ACTIVITY: All of the listing must be given again exactly, except that the images are dropped.

INFORMATION SHOWN:
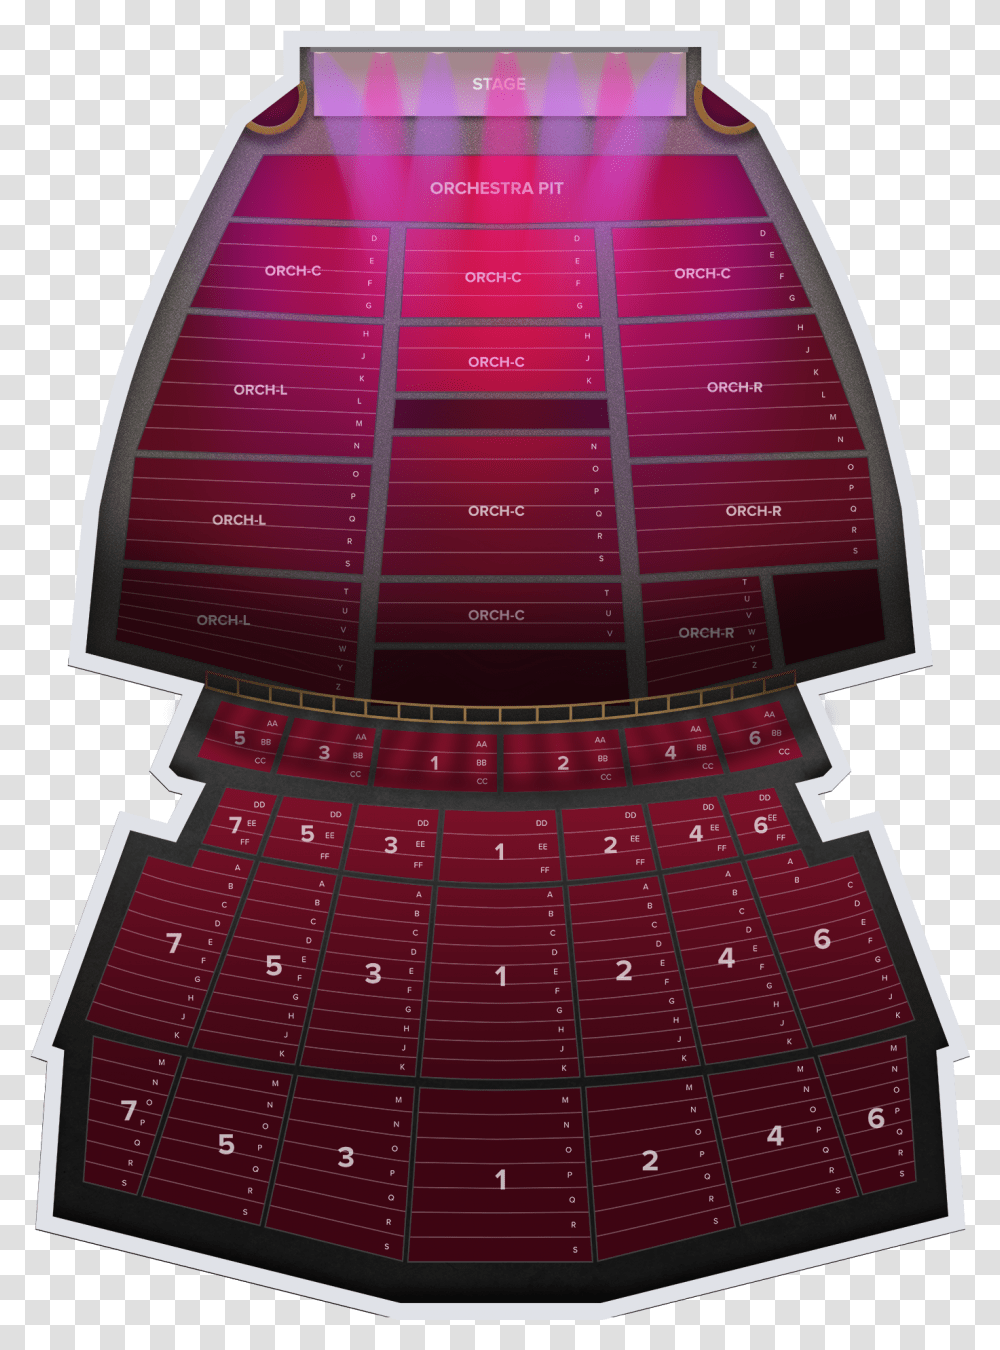 Killswitch Engage Vertical, Scoreboard, Lighting, Text, Arcade Game Machine Transparent Png
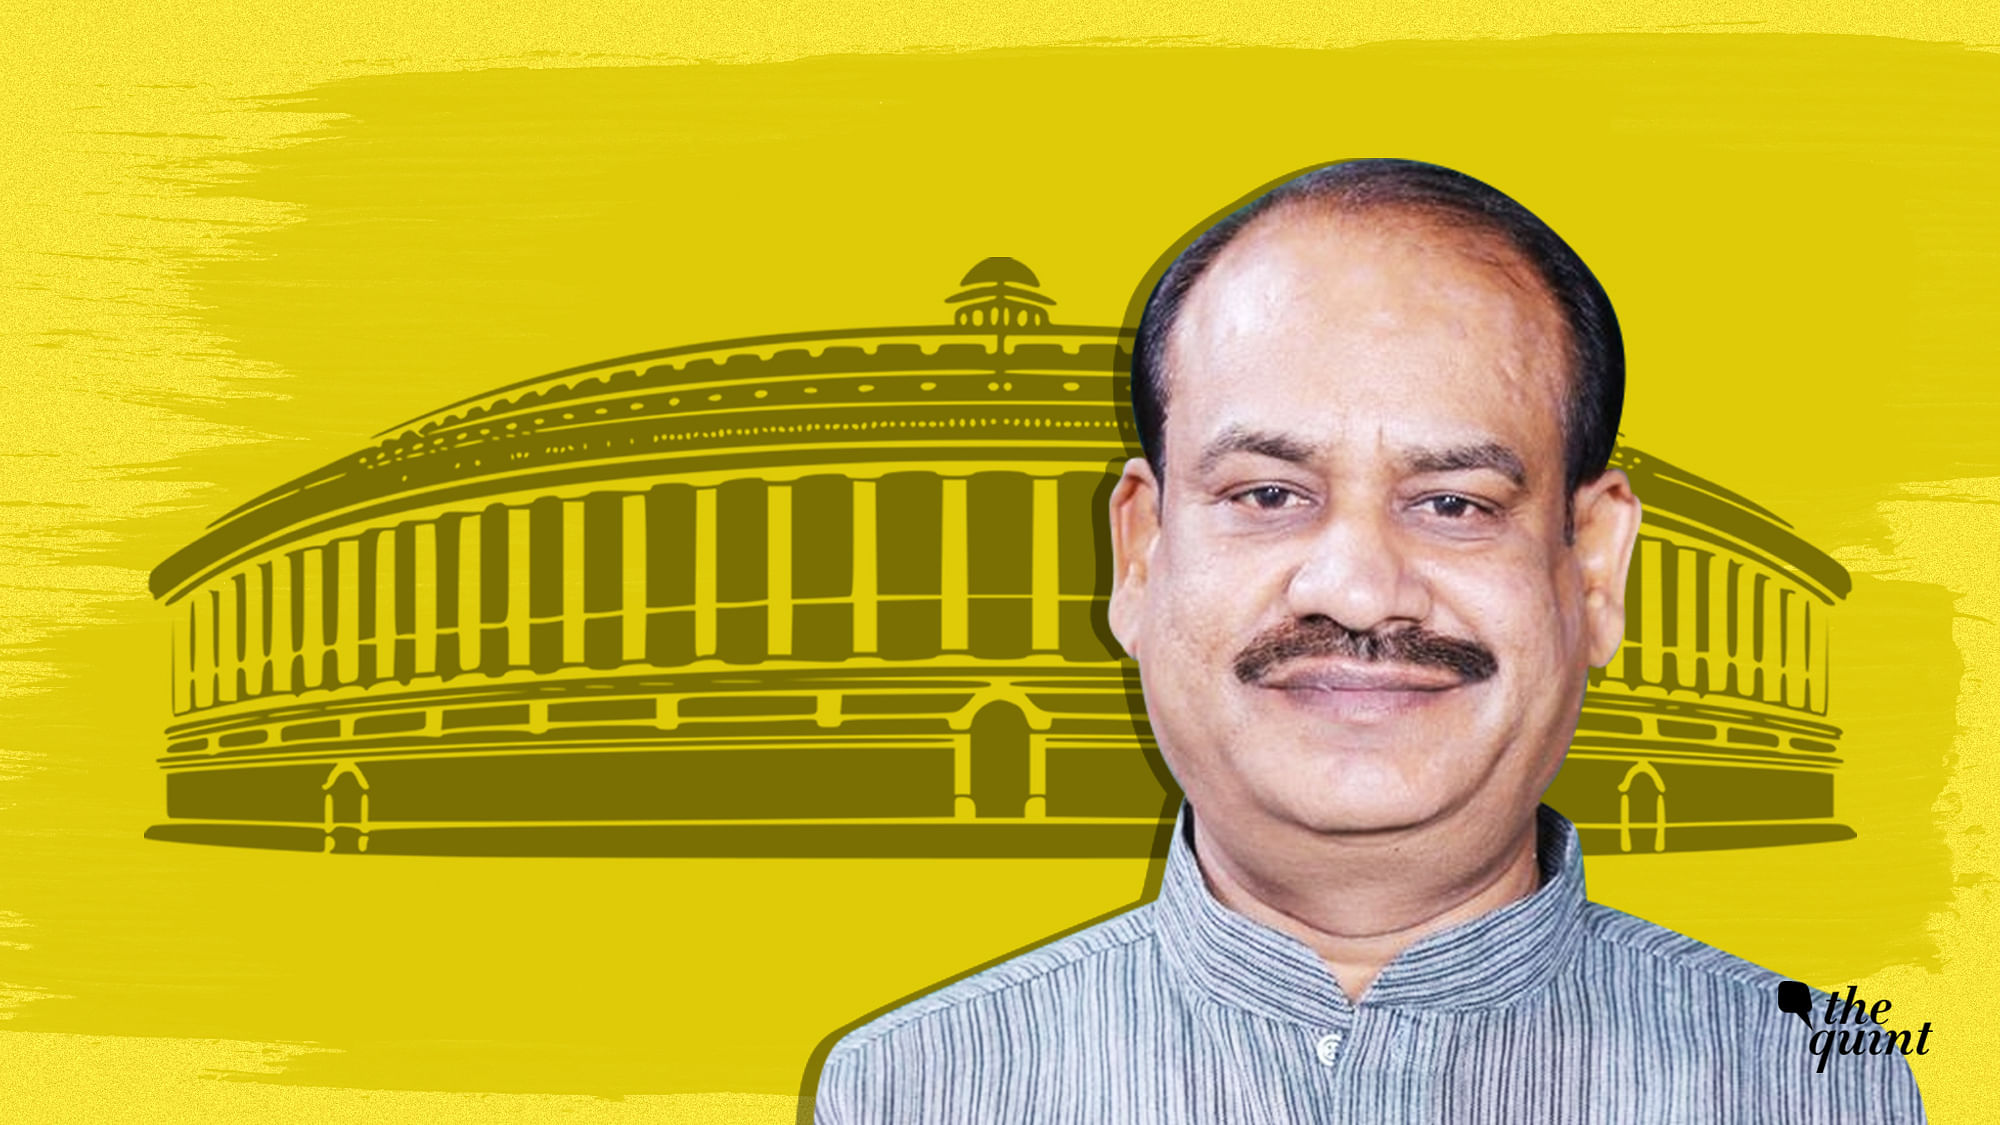 Om Birla, 56, is a two-time Member of Parliament from Kota constituency in Rajasthan.
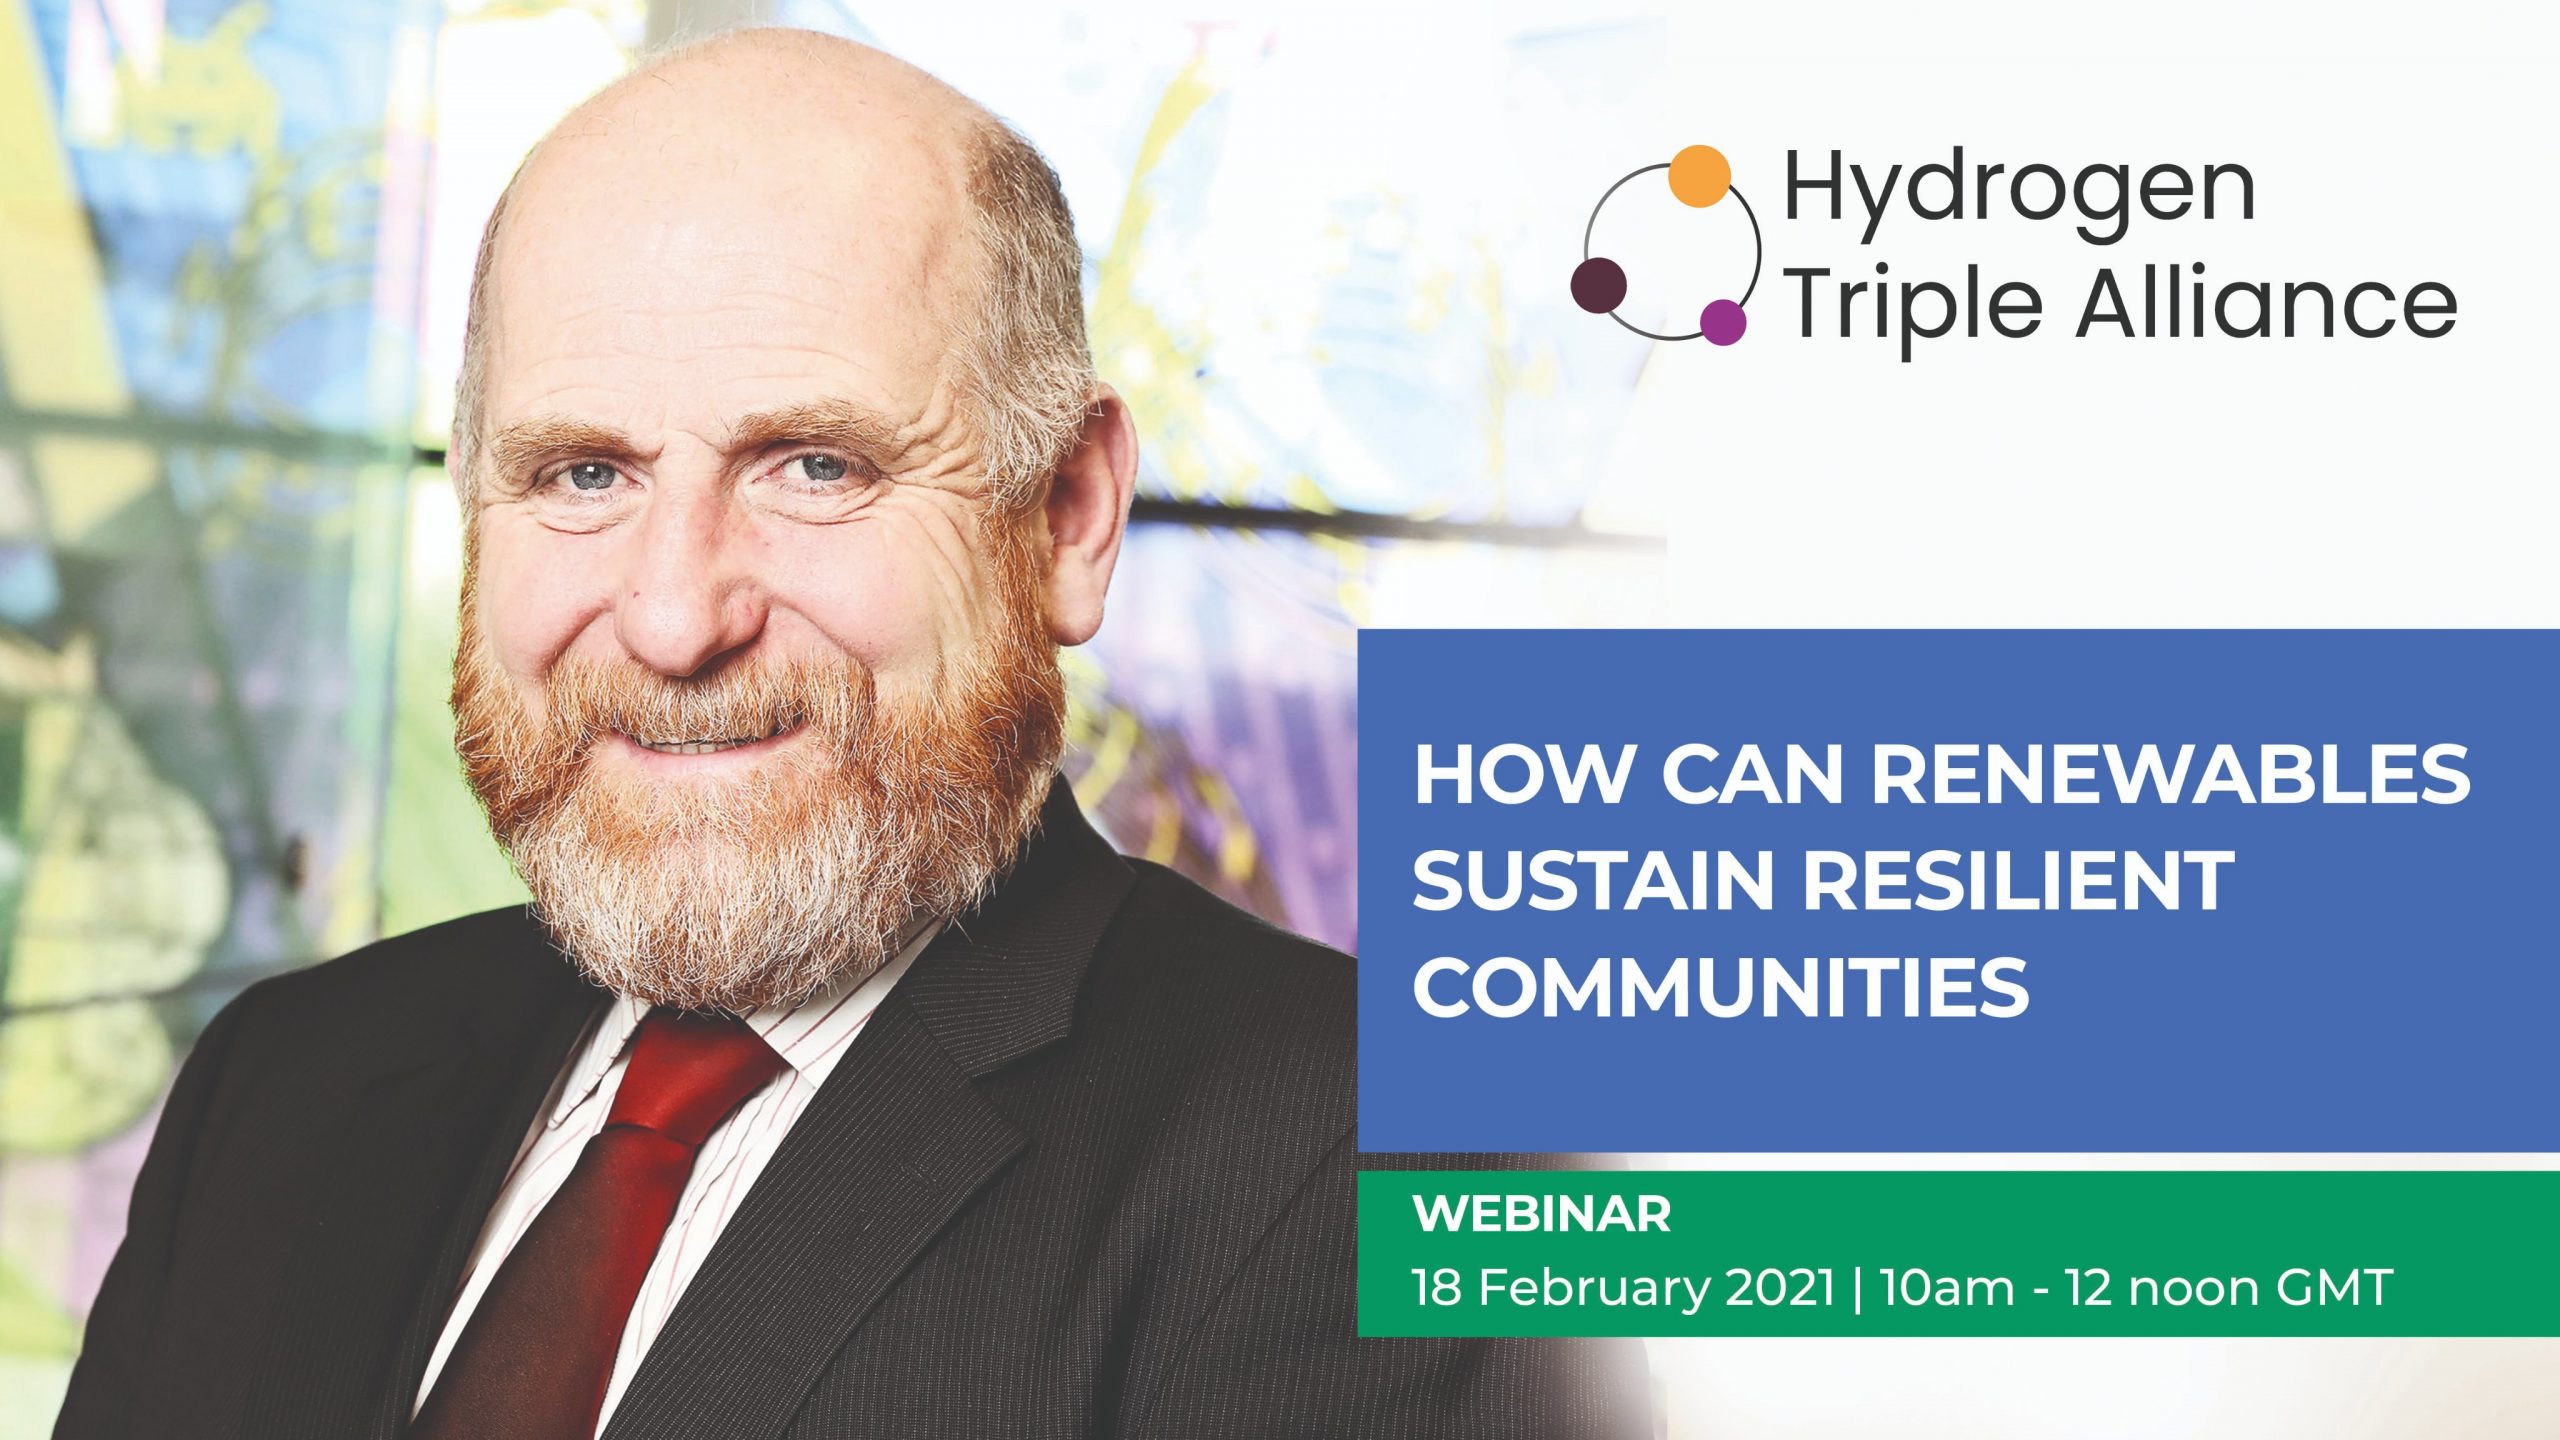 Webinar Slides Now Available from The Hydrogen Triple Alliance’s Inaugural Event!

ANSWER SECTION:
 Killswitch Engage Vertical, Scoreboard, Lighting, Text, Arcade Game Machine Transparent Png
 Om Birla, 56, is a two-time Member of Parliament from Kota constituency in Rajasthan.
 Webinar Slides Now Available from The Hydrogen Triple Alliance’s Inaugural Event!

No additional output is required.